Information supplied:
☆ ☆ ☆ ☆ ☆
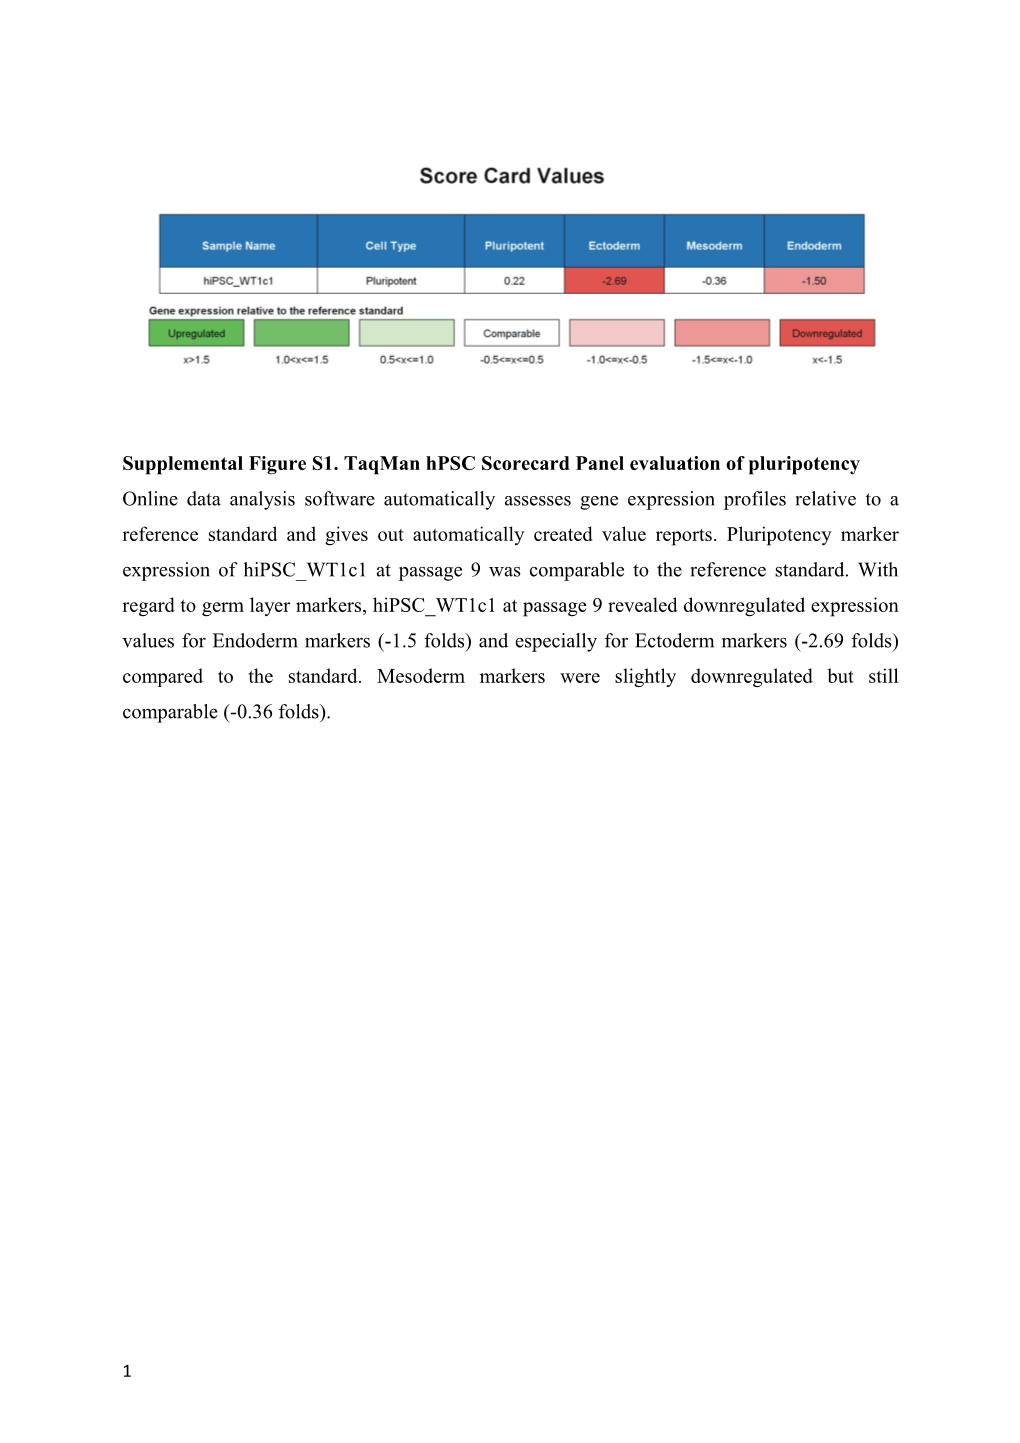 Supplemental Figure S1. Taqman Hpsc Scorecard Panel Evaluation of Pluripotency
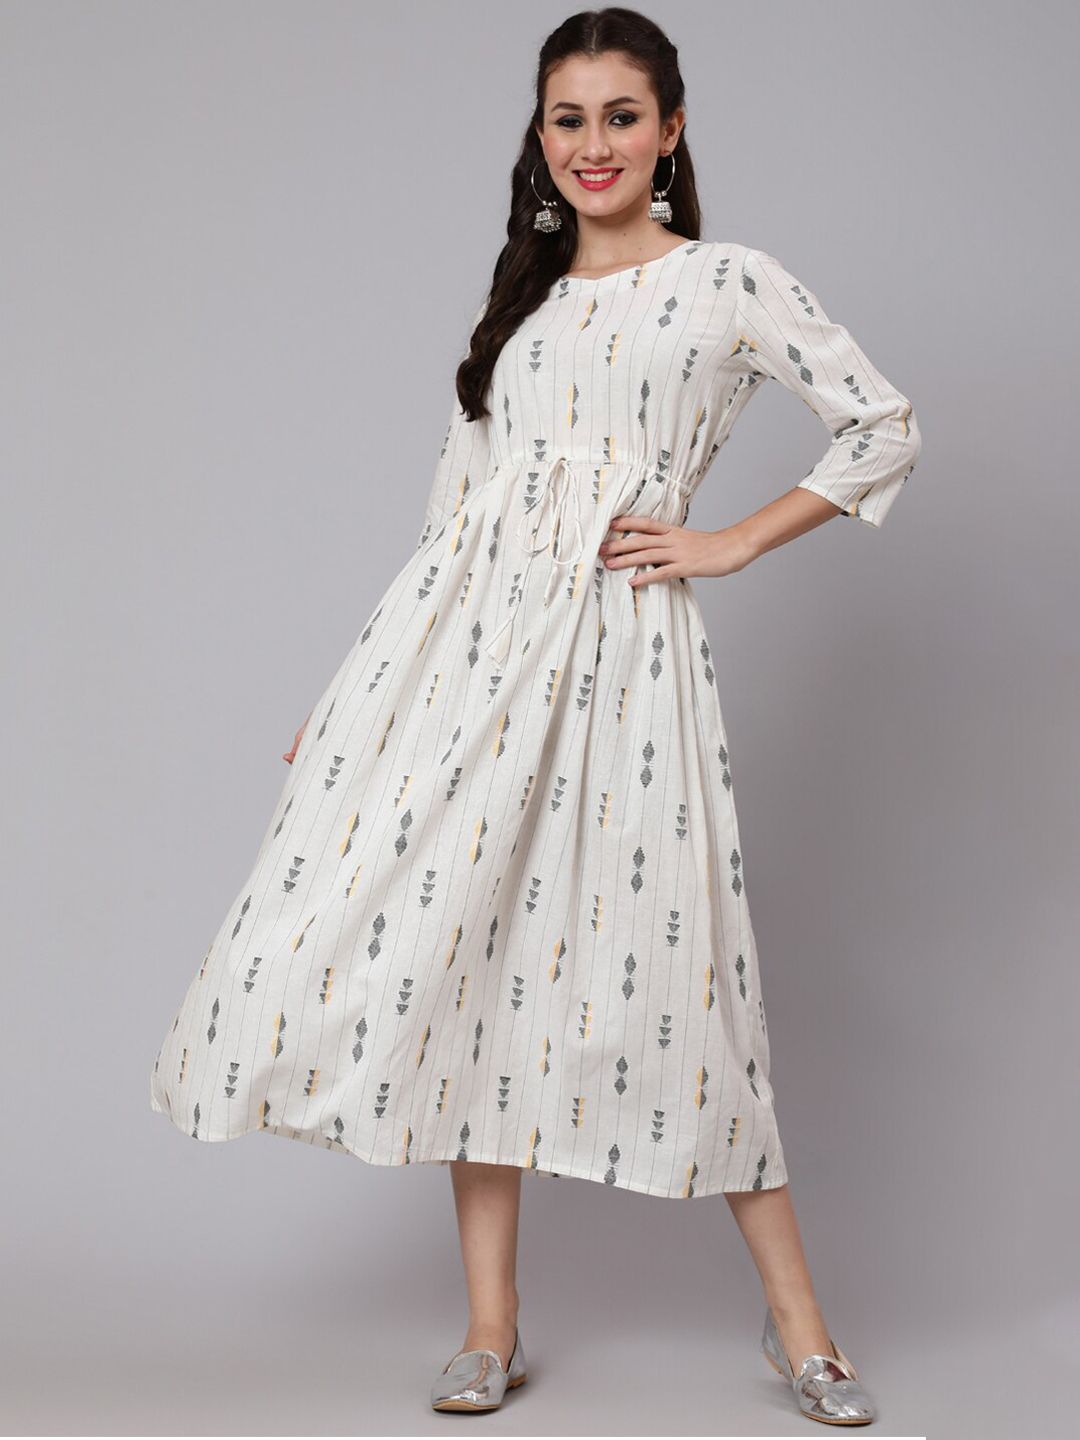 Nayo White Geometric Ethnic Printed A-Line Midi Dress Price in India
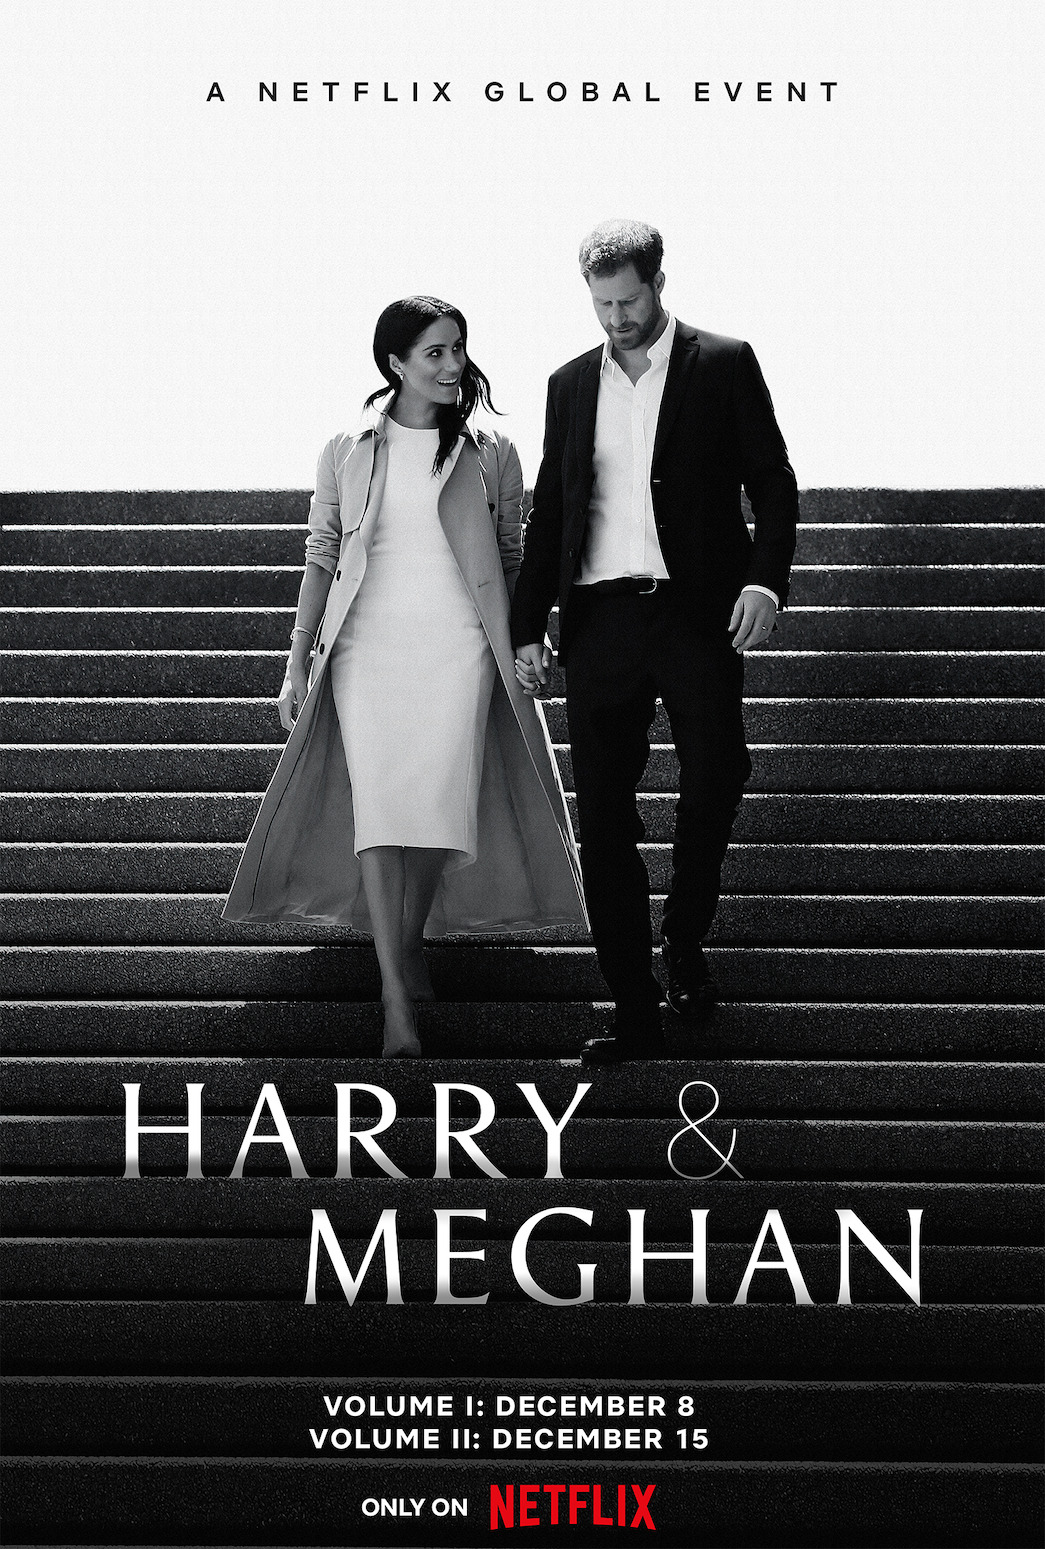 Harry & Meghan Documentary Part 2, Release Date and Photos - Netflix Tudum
☆ ☆ ☆ ☆ ☆
Exercise instructions:
Exactly as given, transcribe every line of the data, but not its images.

Solution to the exercise:
 Supplemental Figure S1. Taqman Hpsc Scorecard Panel Evaluation of Pluripotency
 Nayo White Geometric Ethnic Printed A-Line Midi Dress Price in India
 Harry & Meghan Documentary Part 2, Release Date and Photos - Netflix Tudum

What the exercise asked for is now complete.